# Your goal
Copy out the data exactly as it appears, without a single image.

# Data below

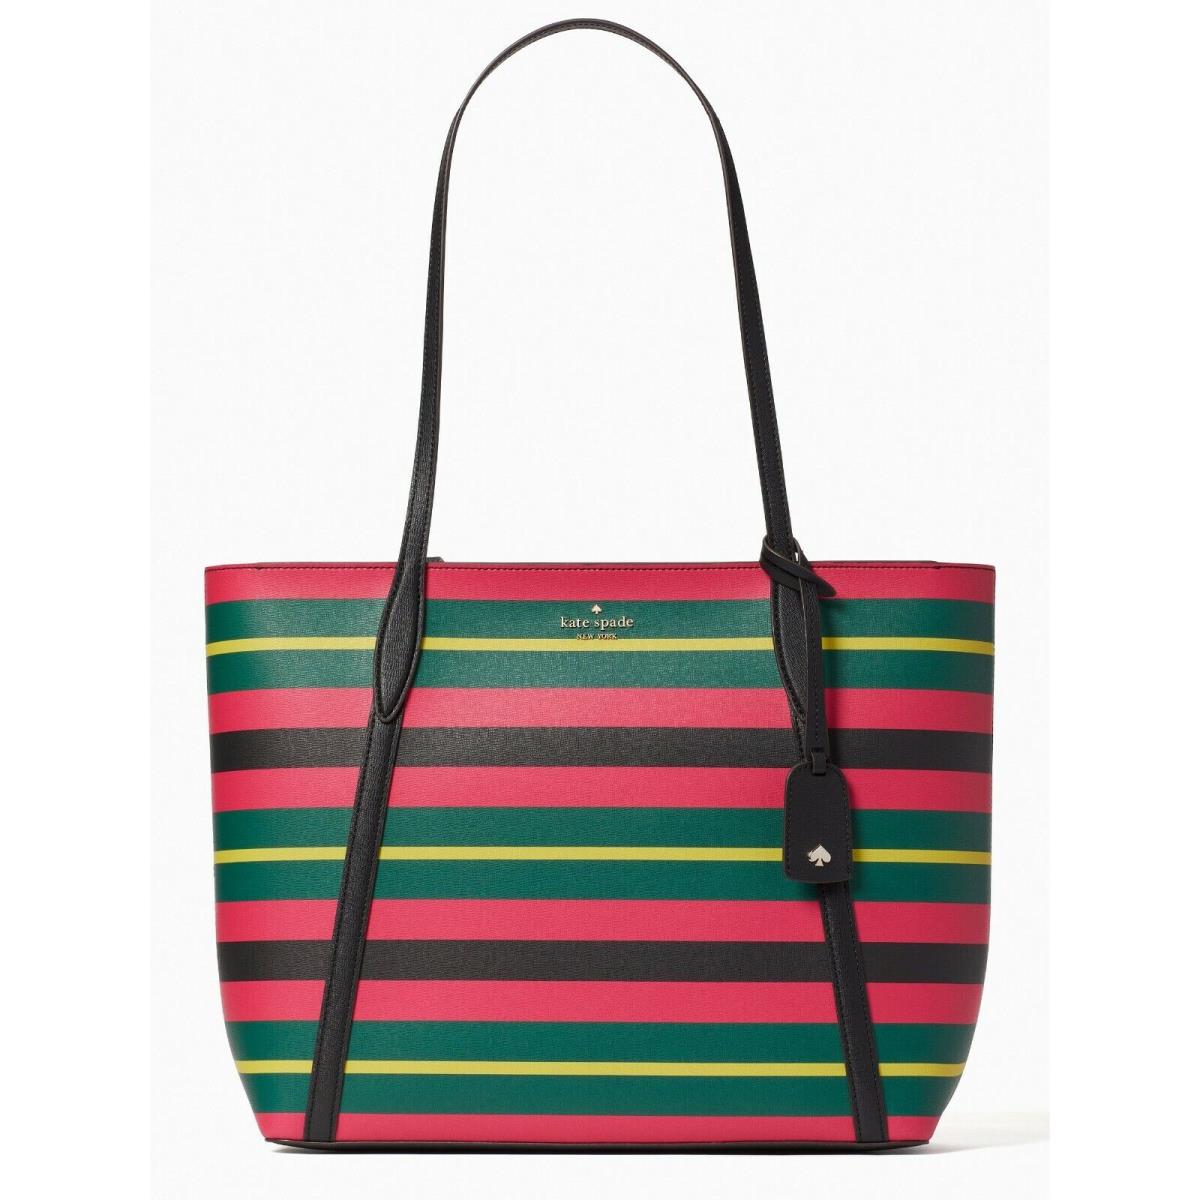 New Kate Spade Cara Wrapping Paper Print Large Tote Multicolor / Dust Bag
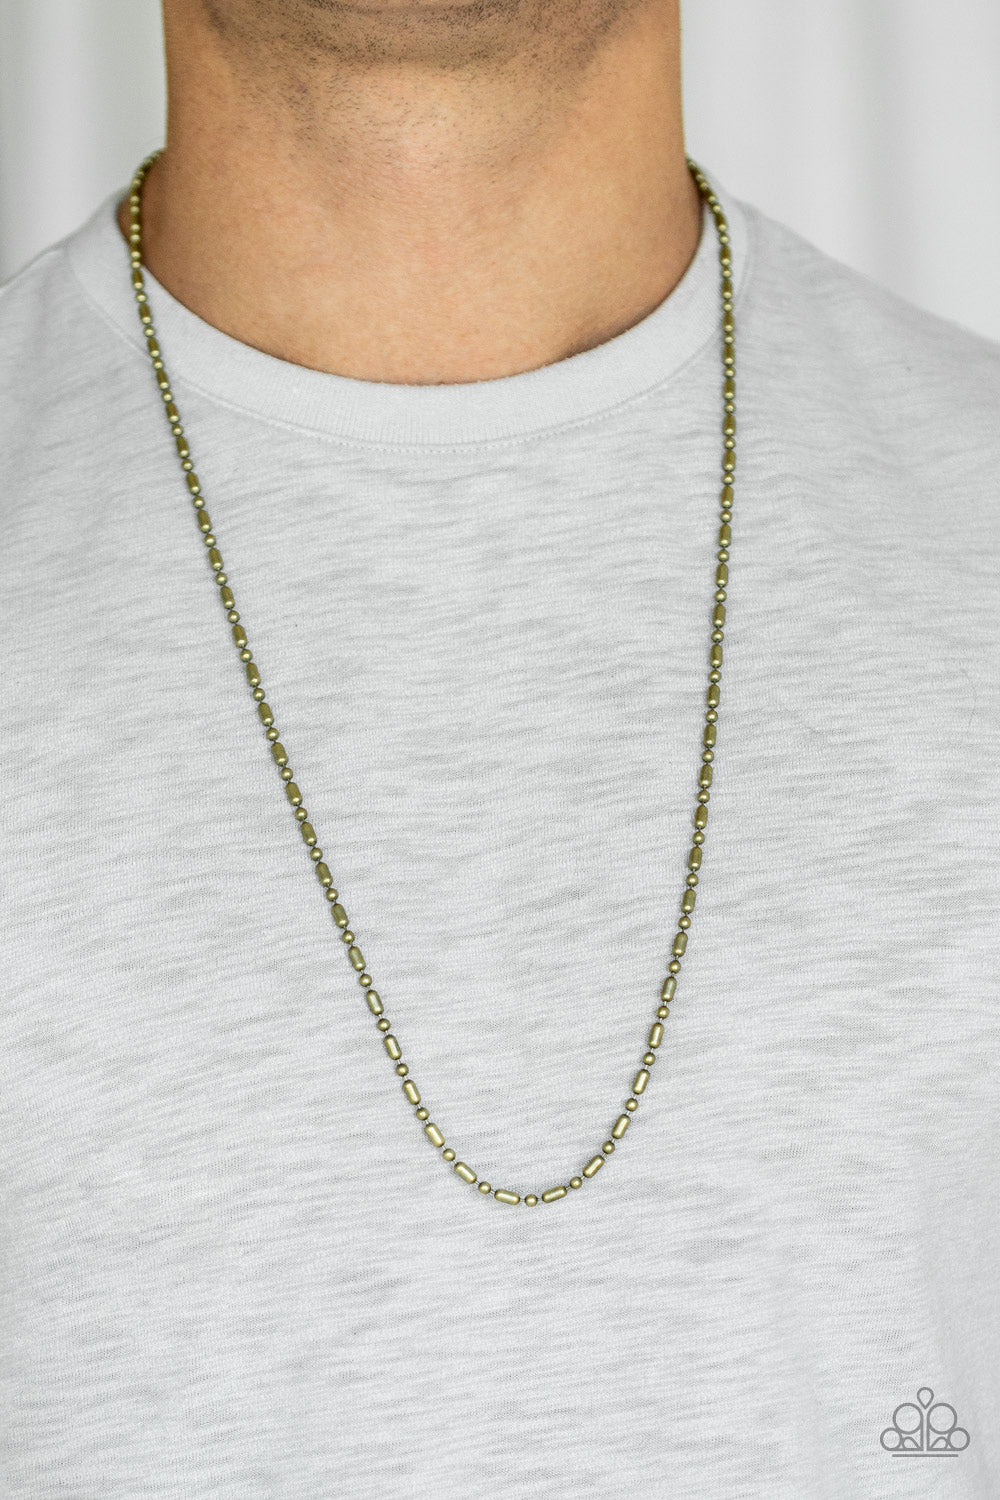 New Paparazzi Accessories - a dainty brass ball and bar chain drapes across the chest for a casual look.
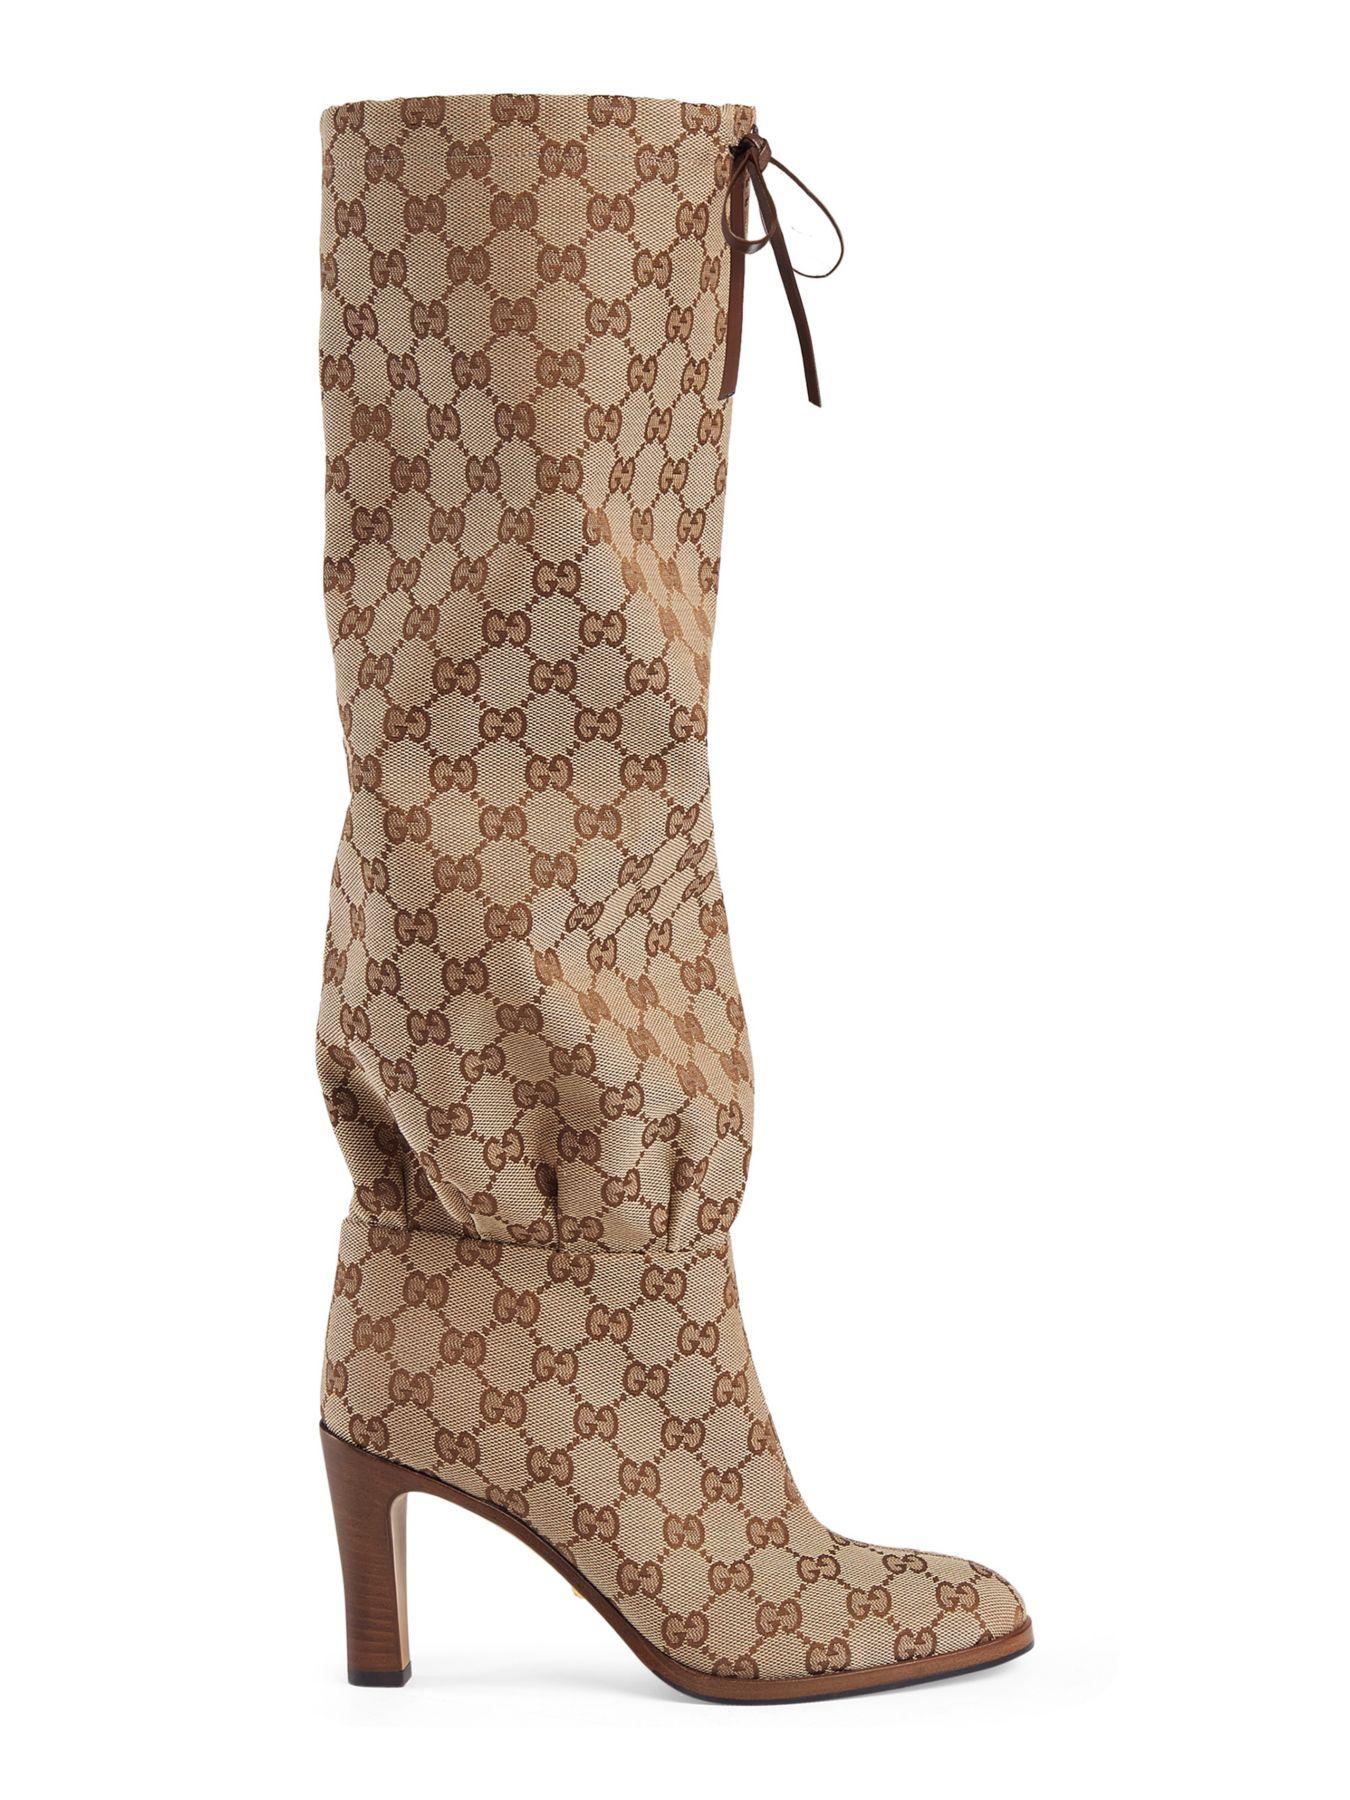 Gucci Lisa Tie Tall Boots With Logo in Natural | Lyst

# Your solution
 New Kate Spade Cara Wrapping Paper Print Large Tote Multicolor / Dust Bag
 New Paparazzi Accessories - a dainty brass ball and bar chain drapes across the chest for a casual look.
 Gucci Lisa Tie Tall Boots With Logo in Natural | Lyst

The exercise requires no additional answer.